Separation and characterization of the aldehydic products of lipid peroxidation stimulated by carbon tetrachloride or ADP-iron in isolated rat hepatocytes and rat liver microsomal suspensions

Abstract

Carbonyl products were separated and identified in suspensions of rat liver microsomal fractions and in isolated hepatocytes, after stimulation of lipid peroxidation by incubation with the pro-oxidants CCl4 and ADP-Fe. The carbonyl products were allowed to react with 2,4-dinitrophenylhydrazine and the derivatives were extracted and separated by TLC into 3 zones of non-polar materials and 1 fraction of polar derivatives that remained at the origin.

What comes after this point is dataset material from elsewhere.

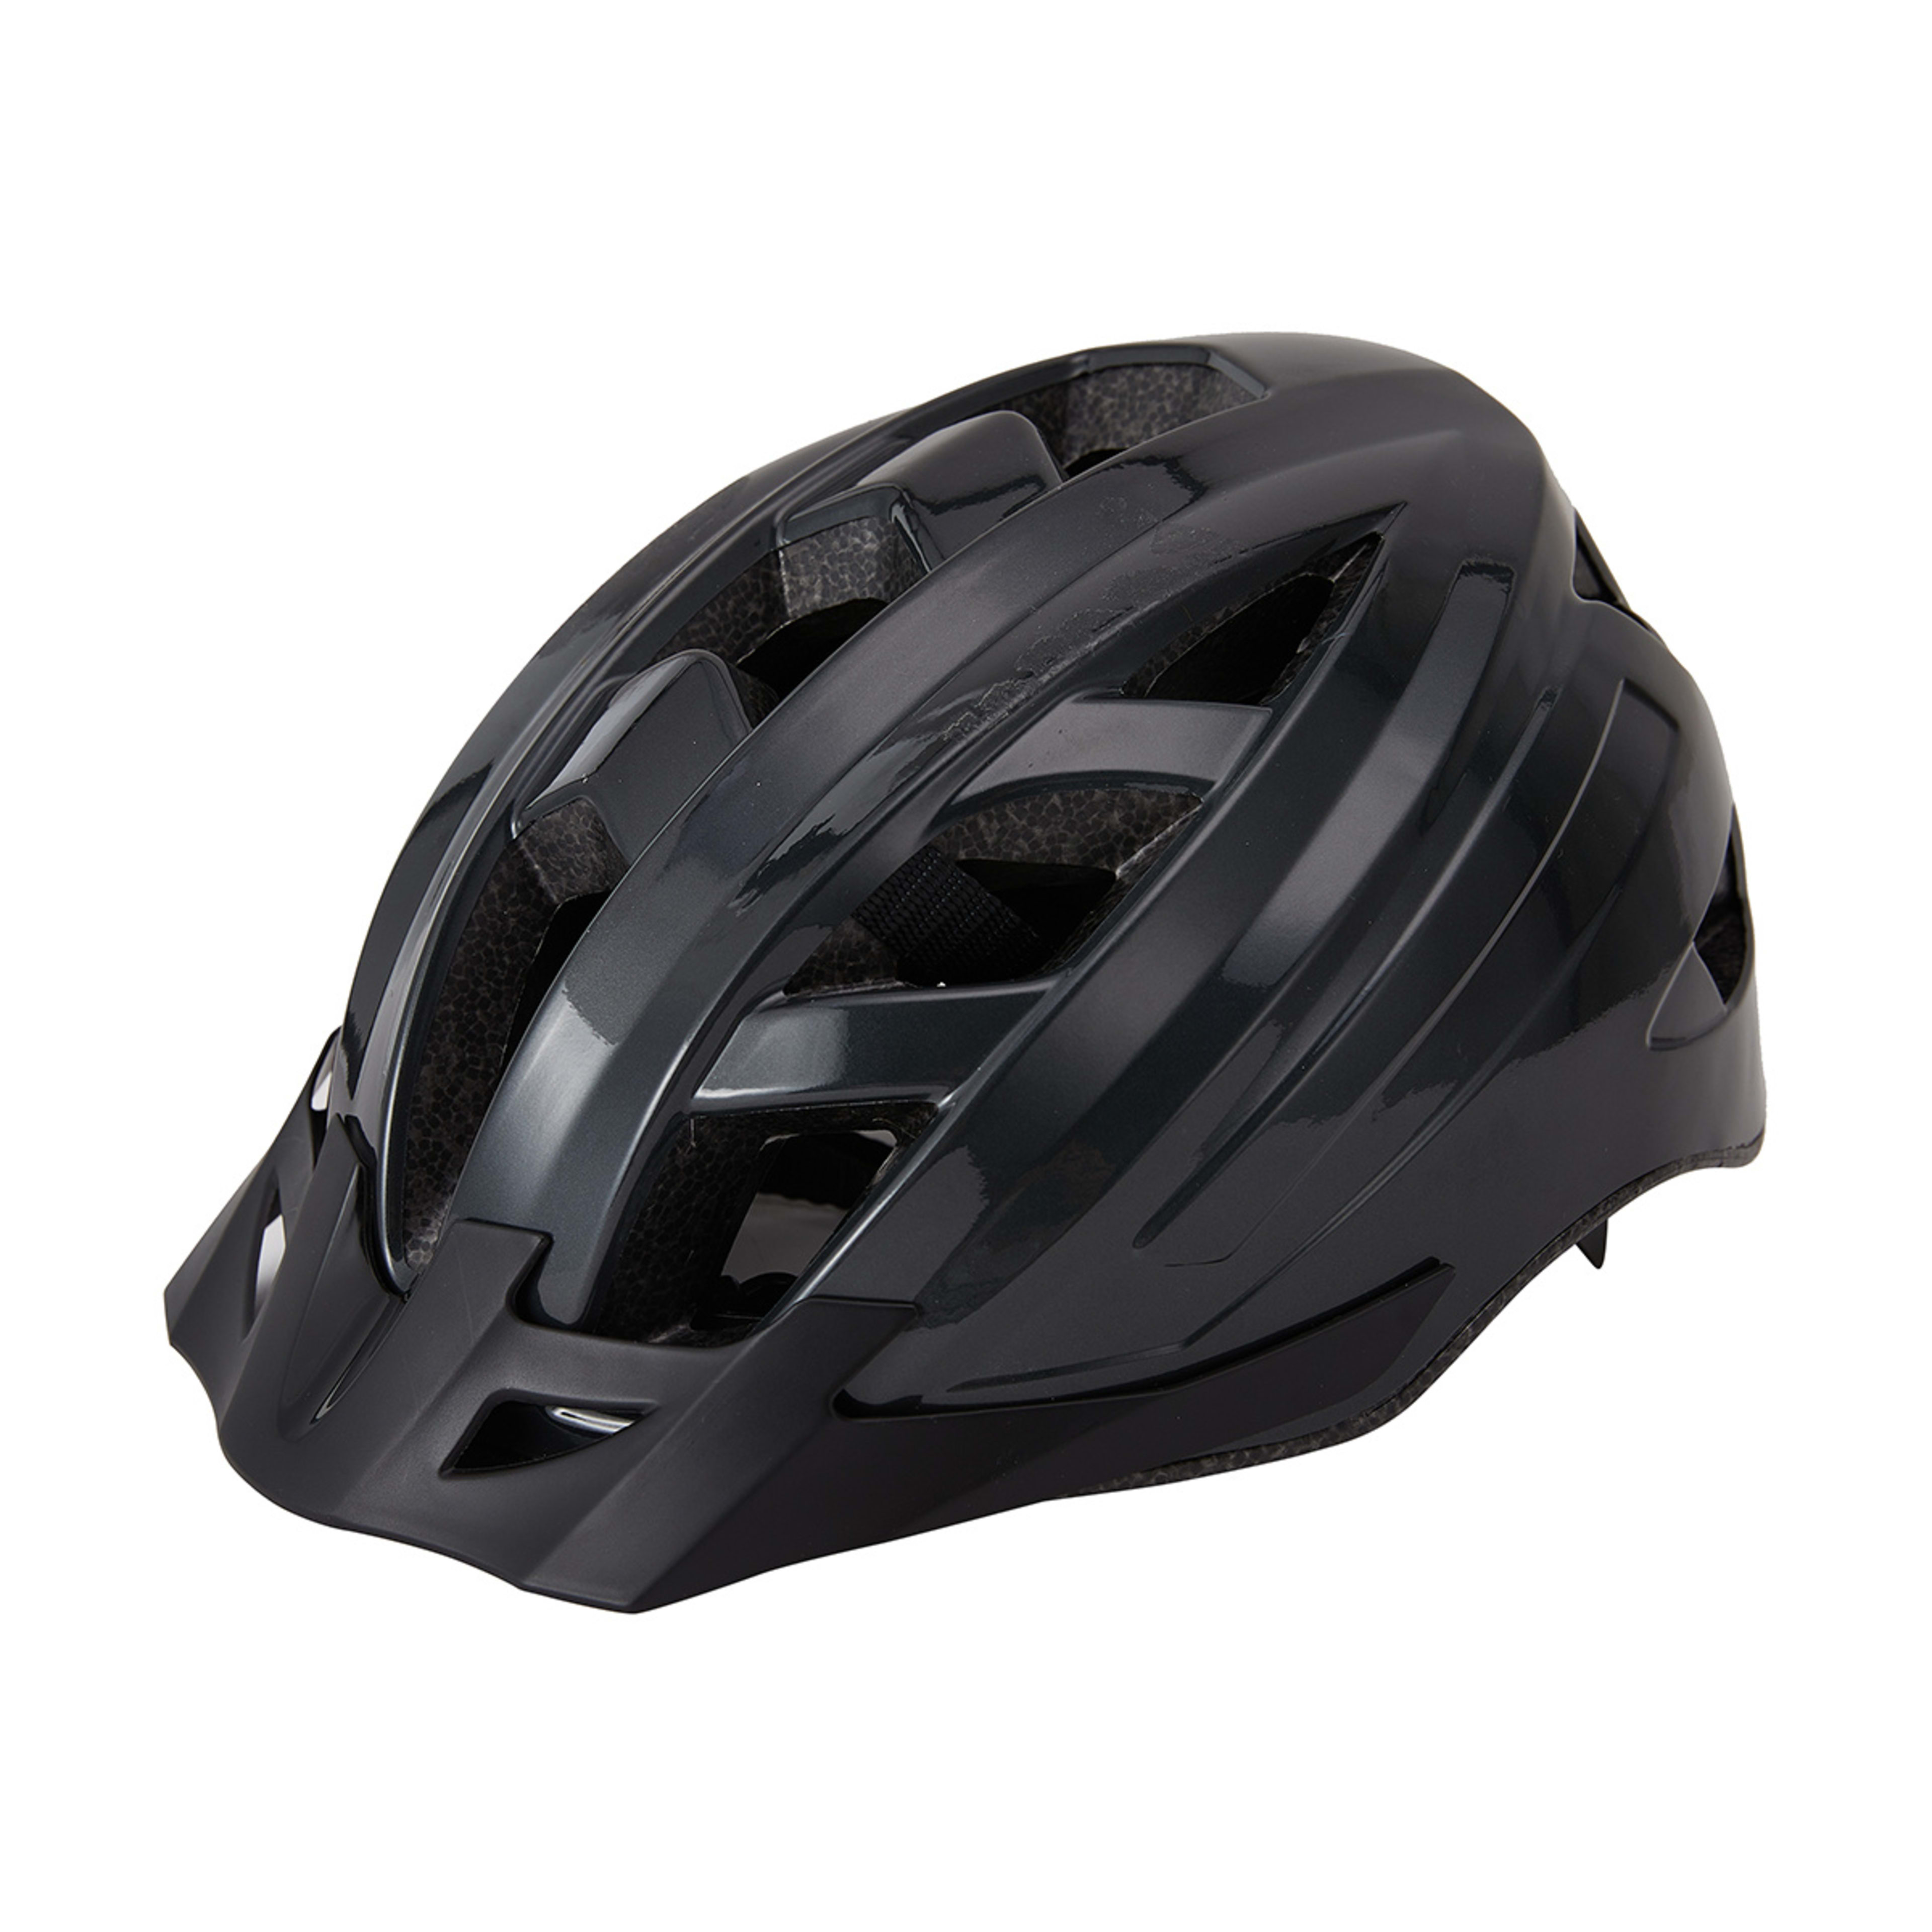 Urban Helmet with Light - Large - Kmart

Separation of the individual non-polar hydrazones in each zone by HPLC [high performance liquid chromatography] demonstrated that zone I prepared from microsomal fraction or hepatocytes incubated with CCl4 or ADP-Fe contained mainly 4-hydroxyhex-3-enal, 4-hydroxynon-2-enal and 4-hydroxynona-2,5-dienal. Zone III consisted mainly of the alkanals propanal, pentanal and hexanal, the 2-alkenals propenal, pent-2-enal, hex-2-enal, hept-2-enal, oct-2-enal and non-2-enal, the ketones butanone, pentan-2-one and pentan-3-one and deca-2,4-dienal. Incubation of a microsomal fraction with ADP-Fe was much more effective in producing malonaldehyde and other carbonyl products than an incubation with CCl4. Despite such quantitative differences, there were no obvious qualitative differences in the HPLC spectra obtained from zones I and III. The stoichiometric evaluation of fatty acid loss and the production of malonaldehyde and other carbonyls suggests that the pathways of lipid peroxidation triggered by CCl4 and ADP-Fe are different. The accumulation of carbonyl products of lipid peroxidation in isolated hepatocytes is strongly affected by their metabolism; in particular, 4-hydroxyalkenals were metabolized very rapidly. Nonetheless, both CCl4 and ADP-Fe produced stimulation in the production of malonaldehyde and non-polar carbonyl production. After incubation of rat hepatocytes with CCl4 or ADP-Fe it was found that .apprx. 50% of the total amount of non-polar carbonyls produced during incubation escaped into the external medium. This was not leakage from dead cells, as 90-95% of the hepatocytes had retained their integrity at the end of the incubation. Release of carbonyl products from cells stimulated to undergo lipid peroxidation may be a mechanism for spreading an initial intracellular disturbance to affect critical targets outside the parent cell.